La maggior parte dei campi Rheinwiesenlager era sovraffollata. Un campo progettato per una capacità di 100.000 persone era stato riempito con 184.000 individui. Inizialmente, circa 40.000 soldati americani erano stati assegnati a proteggere i prigionieri, ma erano così sopraffatti che alcuni tedeschi ricevettero razioni extra per mantenere l'ordine tra gli altri prigionieri e prevenire le fughe.

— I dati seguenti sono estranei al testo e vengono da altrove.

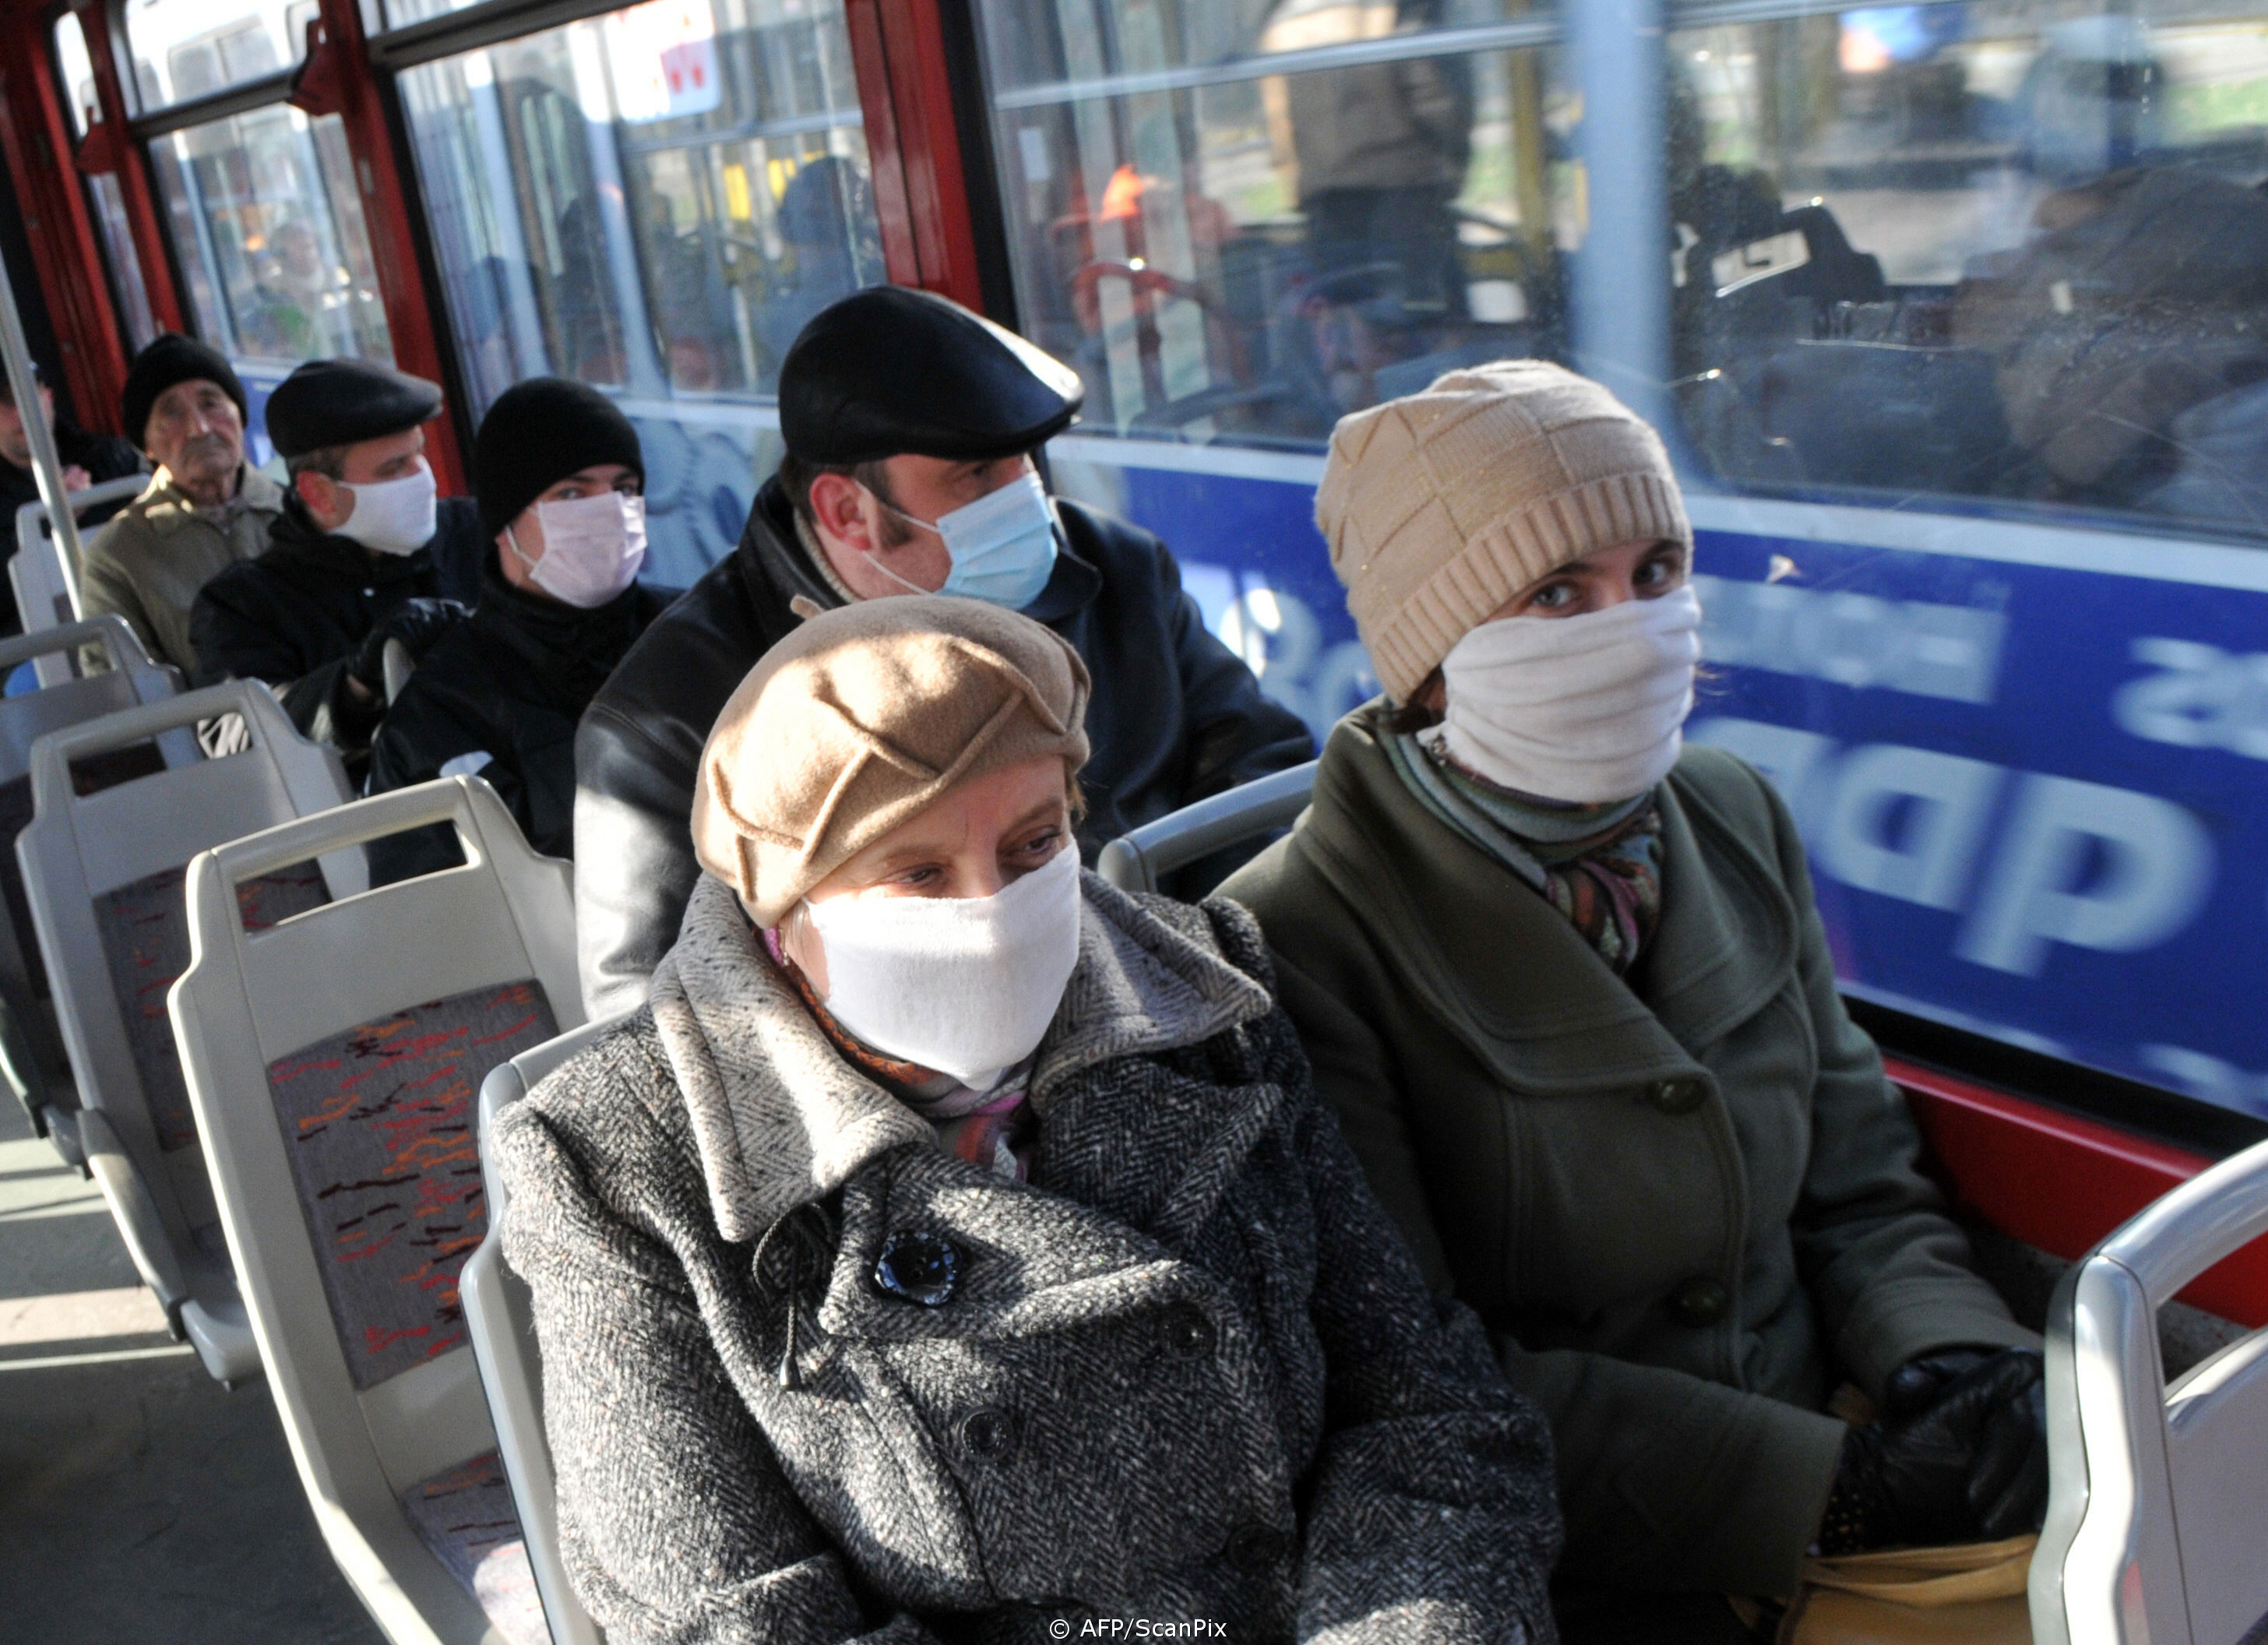 People wear protective masks as they ride the tram in the western Ukrainian city of Lviv on November 3, 2009. The Ukrainian health ministry raised on November 2 the death toll from the flu and respiratory problems to 67 on November 2, without detailing when the deaths took place or explaining the jump in the toll. AFP PHOTO/YURIY DYACHYSHYN
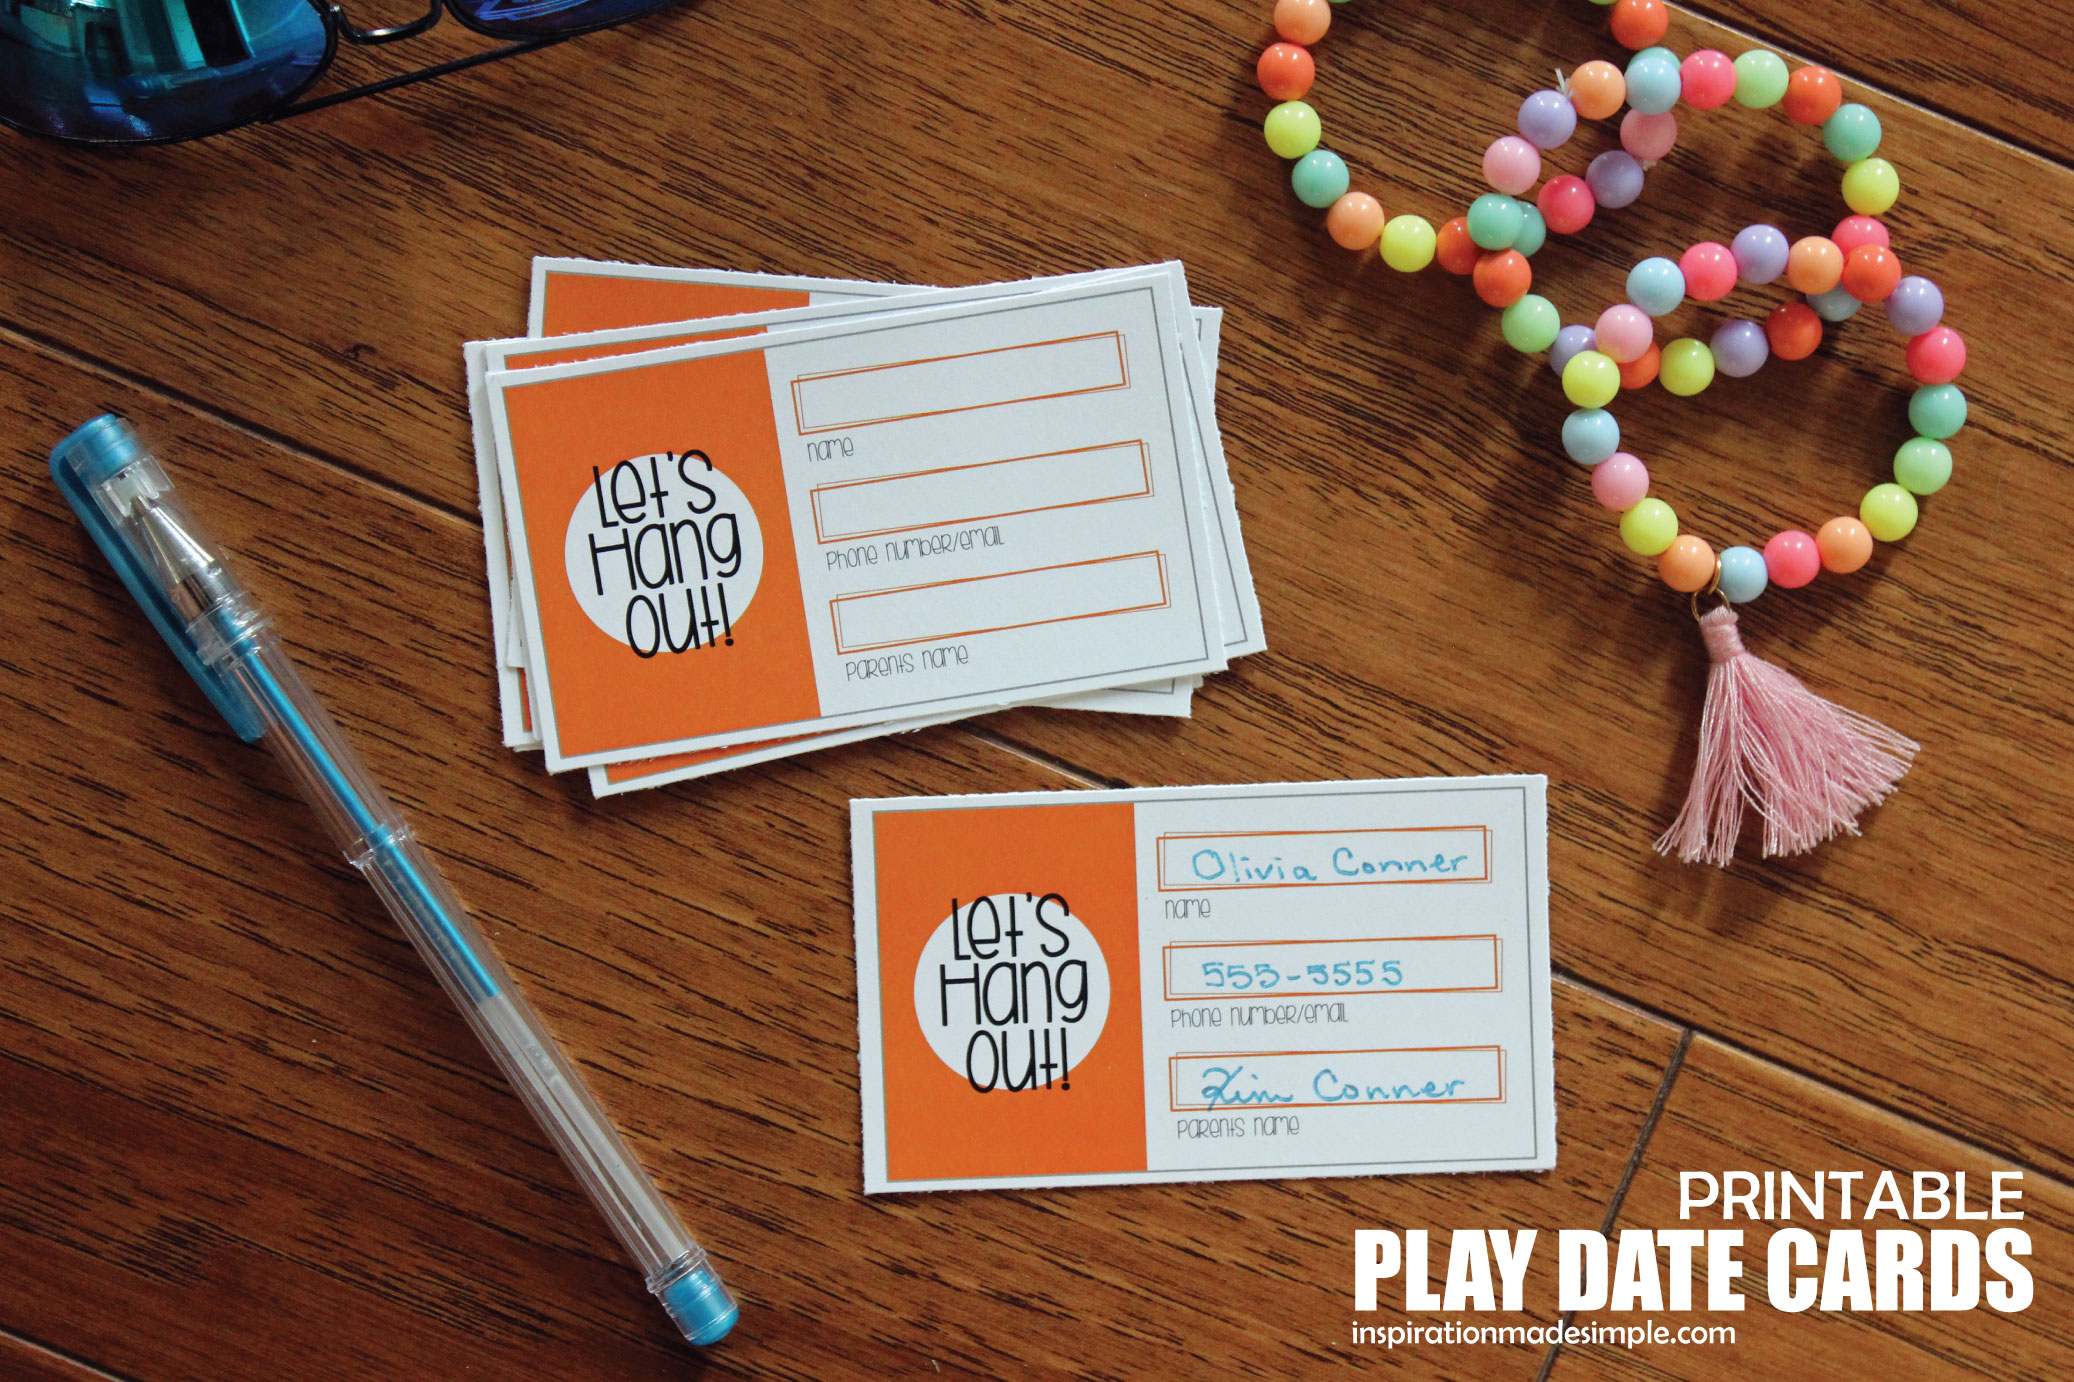 Printable Play Date Cards for Kids

Questo sovraffollamento portò anche a una carenza di cibo. Secondo un articolo dello storico Stephen Ambrose pubblicato nel 1991 su The New York Times, alcuni prigionieri iniziarono a fare "zuppa" con acqua e erba per sopravvivere.

"Alcuni recinti assomigliavano al Penitenziario di Andersonville del 1864," scrisse il Dipartimento Medico dell'Esercito.

Il Comitato Internazionale della Croce Rossa non fu autorizzato a entrare nei campi per diversi mesi e quando l'organizzazione ottenne accesso, le autorità descrissero le condizioni come "orribili". Tuttavia, nonostante questi problemi, i tassi di mortalità nel Rheinwiesenlager rimasero relativamente bassi.

La Fine dei Campi di Prigionia Tedeschi

Nel 1945, il numero di prigionieri di guerra tedeschi morti nei Campi della Valle del Reno varia da 3.000 a 4.500 secondo la maggior parte delle stime. Tuttavia, un autore ha sostenuto che un numero molto maggiore di persone morì all'interno delle recinzioni.

Nel 1989, lo scrittore canadese James Bacque pubblicò il suo lavoro intitolato Altre Perdite, sostenendo che quasi un milione di prigionieri del Rheinwiesenlager morirono a causa di malattie, fame e freddo. Tuttavia, Ambrose scrisse su The New York Times che il lavoro di Bacque era "errato in aspetti fondamentali. Bacque usa male i documenti; legge male i documenti; ignora le prove contrarie... e come risultato di queste e altre carenze, giunge a conclusioni e fa accuse che sono chiaramente assurde".

Dominio PubblicoLe condizioni variavano da campo a campo, ma anche i prigionieri che riuscivano a montare una tenda temporanea dovevano condividere il loro piccolo spazio con altri.

Infatti, la maggior parte dei prigionieri nei Campi della Valle del Reno fu rilasciata poco dopo il loro arrivo. Solo poche settimane dopo, i membri della Gioventù Hitleriana e le donne che lavoravano come personale amministrativo per la Wehrmacht furono liberati.

Poco dopo, furono liberati anche lavoratori come agricoltori e minatori per poter contribuire agli sforzi di ricostruzione. Entro settembre 1945, cinque mesi dopo l'apertura del Rheinwiesenlager, solo un piccolo campo rimase chiuso; questo campo serviva come stazione di detenzione temporanea per i prigionieri tedeschi liberati da altre strutture in Francia.

In conclusione, è chiaro che i prigionieri del Rheinwiesenlager furono esposti a condizioni terribili. Tuttavia, sebbene il numero esatto di tedeschi morti in questi campi dell'Esercito degli Stati Uniti non sarà mai conosciuto, i tassi di mortalità non erano sufficientemente alti da essere paragonabili a quelli delle vittime dell'Olocausto perseguitate dai nazisti.